Contrasting grading approaches in introductory physics and quantum mechanics: The case of graduate teaching assistants

At large research universities, physics graduate teaching assistants (TAs) are often responsible for grading in courses at all levels. However, few studies have focused on TAs’ grading practices in introductory and advanced physics courses. This study was designed to investigate whether physics graduate TAs grade students in introductory physics and quantum mechanics using different criteria and if so, why they may be inclined to do so. To investigate possible discrepancies in TAs’ grading approaches in courses at different levels, we implemented a sequence of instructional activities in a TA professional development course that asked TAs to grade student solutions of introductory physics and upper-level quantum mechanics problems and explain why, if at all, their grading approaches were different or similar in the two contexts. We analyzed the differences in TAs’ grading approaches in the two contexts and discuss the reasons they provided for the differences in their grading approaches in introductory physics and quantum mechanics in individual interviews, class discussions, and written responses.
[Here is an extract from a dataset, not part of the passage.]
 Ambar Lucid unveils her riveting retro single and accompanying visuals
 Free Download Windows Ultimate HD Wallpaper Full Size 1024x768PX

We find that a majority of the TAs graded solutions to quantum mechanics problems differently than solutions to introductory physics problems. In quantum mechanics, the TAs focused more on physics concepts and reasoning and penalized students for not showing evidence of understanding. The findings of the study have implications for TA professional development programs, e.g., the importance of helping TAs think about the difficulty of a problem from an introductory students’ perspective and reflecting on the benefits of formative assessment.

Figure 1

The introductory physics problem for which the TAs created a solution and graded several student solutions.

Figure 2

For the introductory physics problem, an introductory student solution that is elaborated (ISS-E) and an introductory student solution that is brief (ISS-B).

Figure 3

The upper-level quantum mechanics problem.

Figure 4

For the quantum mechanics physics problem, a quantum mechanics student solution that is elaborated (QSS-E), and a quantum mechanics student solution that is brief (QSS-B).

Figure 5

(a) One component of a sample TA’s worksheet (transcribed) related to introductory student solution ISS-B which was part of the pregrading activity. (b) One component of a sample TA’s worksheet (transcribed) related to advanced QM student solution QSS-E which was part of the pregrading activity.

Figure 6

(a) Distribution of individual scores assigned to the elaborated solutions QSS-E (QM) versus ISS-E (Intro) in the quiz context ($p=0.307$). (b) Individual scores assigned to the elaborated solutions QSS-E (QM) versus ISS-E (Intro) in the HW context ($p=0.625$). The relative size of the bubble represents the number of TAs at a particular point.

Figure 7

(a) Distribution of individual scores assigned to the brief solutions QSS-B (QM) versus ISS-B (Intro) versus QSS-B (QM) in the quiz context ($p=0.574$). (b) Individual scores assigned to QSS-B (QM) versus ISS-B (Intro) in the HW context ($p=0.273$). The size of the bubble represents the number of TAs ($N=15$).

Figure 8

(a) Percentage of TAs who graded on solution features in the five clusters on the elaborated QM solution QSS-E in the homework and quiz context. (b) Percentage of TAs who graded on solution features in the five clusters on the elaborated introductory physics solution ISS-E in the homework context ($N=15$ TAs).

Figure 9

(a) Percentage of TAs who graded on solution features in the five clusters on the brief QM solution QSS-B in the homework and quiz context. (b) Percentage of TAs who graded on solution features in the five clusters on the brief introductory physics solution ISS-B in the homework and quiz context ($N=15$ TAs).